● **AIM OF THE TASK**: Take the data below and extract the lines from the one with "4 Ways Style" to the one with "Have a nice", inclusive, exactly as written.

● **EXERCISE INPUTS**:
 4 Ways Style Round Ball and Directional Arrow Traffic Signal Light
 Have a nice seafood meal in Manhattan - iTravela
--
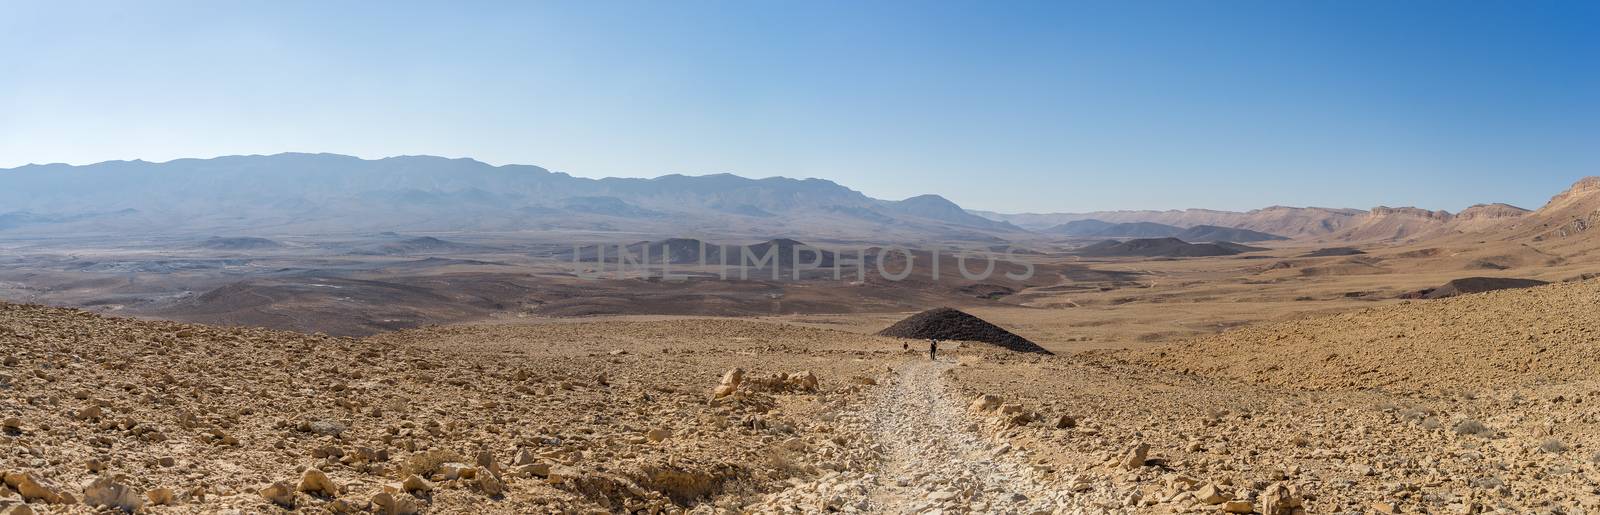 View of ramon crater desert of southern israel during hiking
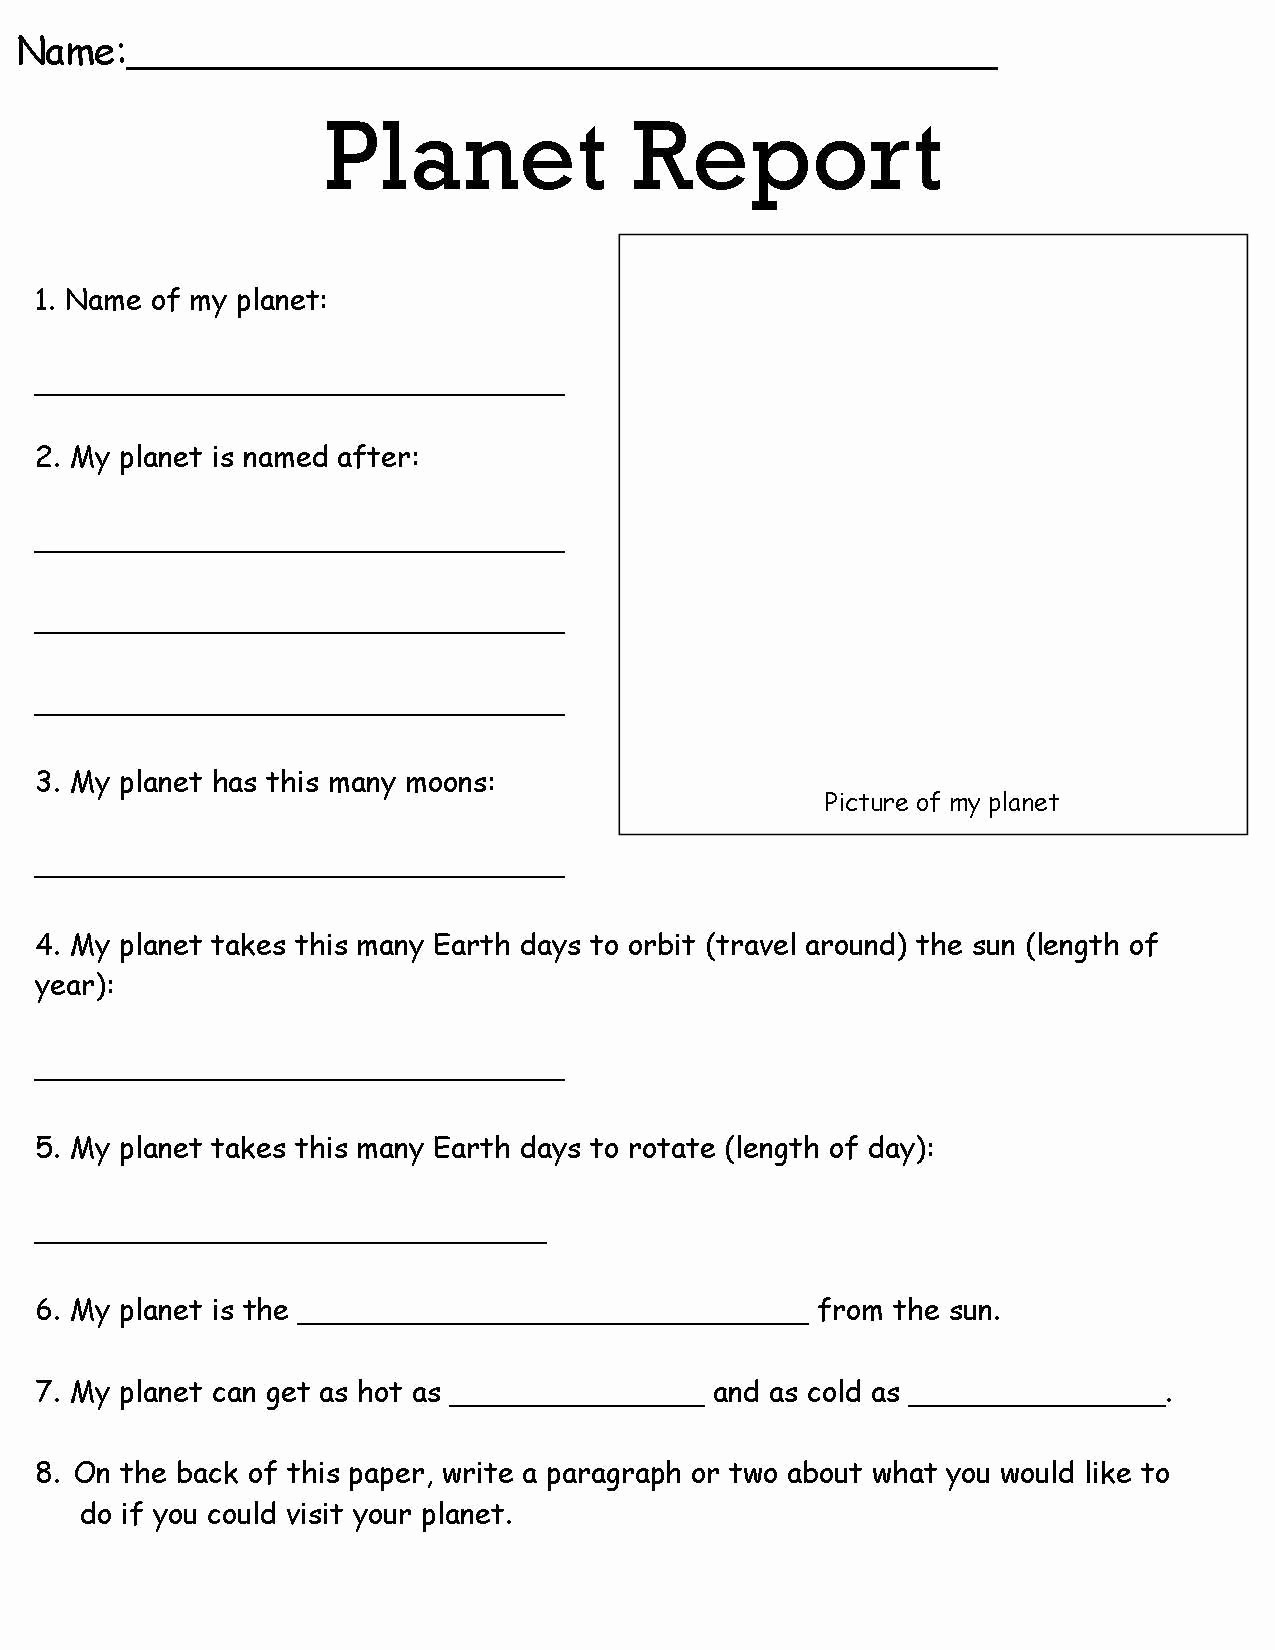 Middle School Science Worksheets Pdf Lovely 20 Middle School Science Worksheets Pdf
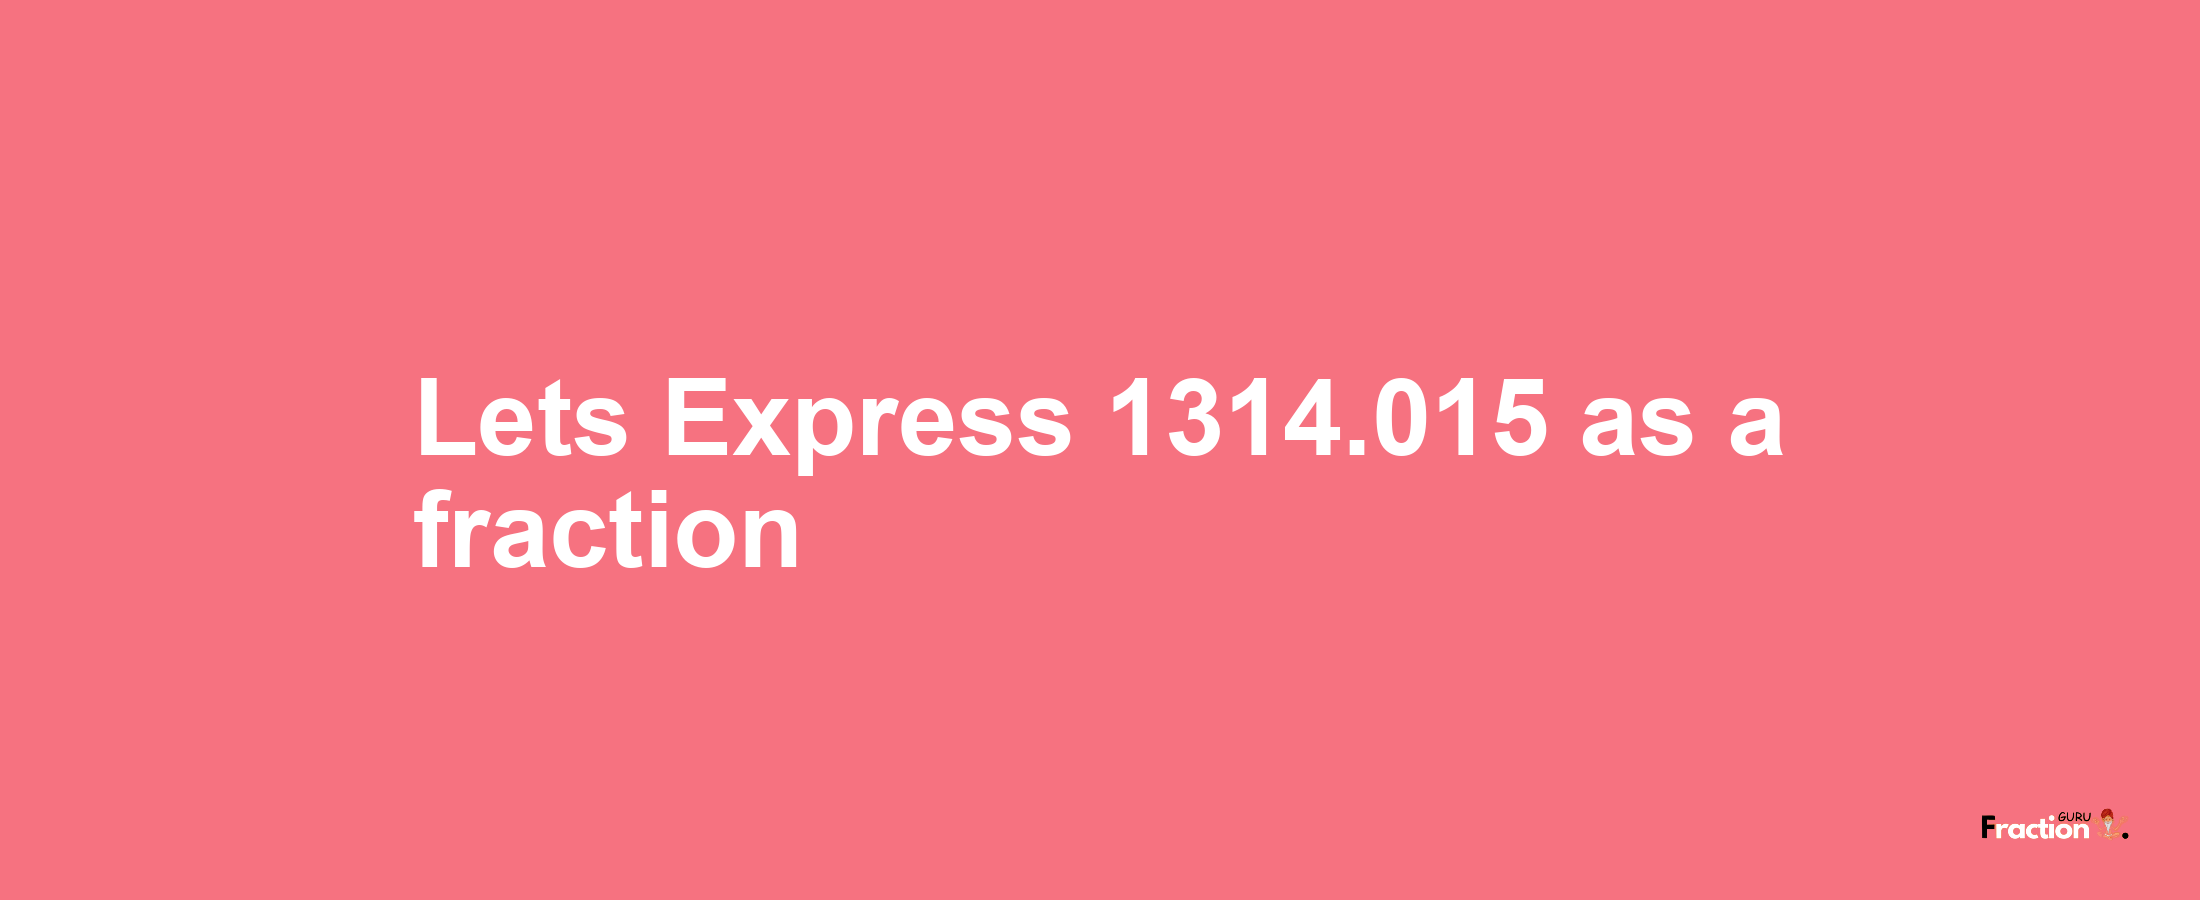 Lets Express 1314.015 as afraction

● **RESULT**:
 4 Ways Style Round Ball and Directional Arrow Traffic Signal Light
 Have a nice seafood meal in Manhattan - iTravela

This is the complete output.